Exercise instructions → Scan the records for the word "cuisine". Return each line where it is found.

[Data extracted from a collection]
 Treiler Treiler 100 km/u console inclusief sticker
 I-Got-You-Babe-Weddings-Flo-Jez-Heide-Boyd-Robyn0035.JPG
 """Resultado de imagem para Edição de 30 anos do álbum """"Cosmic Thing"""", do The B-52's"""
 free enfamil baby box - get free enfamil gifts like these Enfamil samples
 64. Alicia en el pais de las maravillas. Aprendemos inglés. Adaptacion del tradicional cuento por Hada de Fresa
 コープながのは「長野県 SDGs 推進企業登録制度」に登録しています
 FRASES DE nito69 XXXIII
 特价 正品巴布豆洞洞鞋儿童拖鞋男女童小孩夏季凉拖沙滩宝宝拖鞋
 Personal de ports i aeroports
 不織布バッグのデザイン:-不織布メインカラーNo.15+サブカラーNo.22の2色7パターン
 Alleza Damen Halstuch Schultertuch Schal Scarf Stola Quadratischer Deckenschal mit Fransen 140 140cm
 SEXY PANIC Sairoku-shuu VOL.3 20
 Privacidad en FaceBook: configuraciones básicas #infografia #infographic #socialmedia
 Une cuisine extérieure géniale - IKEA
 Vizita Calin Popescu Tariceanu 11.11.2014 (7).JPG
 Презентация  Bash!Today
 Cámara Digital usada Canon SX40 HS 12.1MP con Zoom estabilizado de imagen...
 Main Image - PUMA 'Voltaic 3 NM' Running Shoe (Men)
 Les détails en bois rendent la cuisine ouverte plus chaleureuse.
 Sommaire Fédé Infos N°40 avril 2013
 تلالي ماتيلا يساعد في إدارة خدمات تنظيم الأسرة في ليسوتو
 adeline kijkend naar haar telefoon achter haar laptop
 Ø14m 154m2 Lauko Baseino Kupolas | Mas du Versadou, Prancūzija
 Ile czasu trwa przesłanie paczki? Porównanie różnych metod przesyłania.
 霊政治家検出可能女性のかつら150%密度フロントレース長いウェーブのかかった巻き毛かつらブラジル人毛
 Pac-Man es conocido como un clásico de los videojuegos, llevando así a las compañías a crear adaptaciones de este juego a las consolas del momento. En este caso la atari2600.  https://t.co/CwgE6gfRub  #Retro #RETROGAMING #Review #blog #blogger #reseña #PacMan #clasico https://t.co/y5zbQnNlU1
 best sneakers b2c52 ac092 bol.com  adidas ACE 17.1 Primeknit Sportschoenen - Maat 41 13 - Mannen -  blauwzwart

Output below →
 Une cuisine extérieure géniale - IKEA
 Les détails en bois rendent la cuisine ouverte plus chaleureuse.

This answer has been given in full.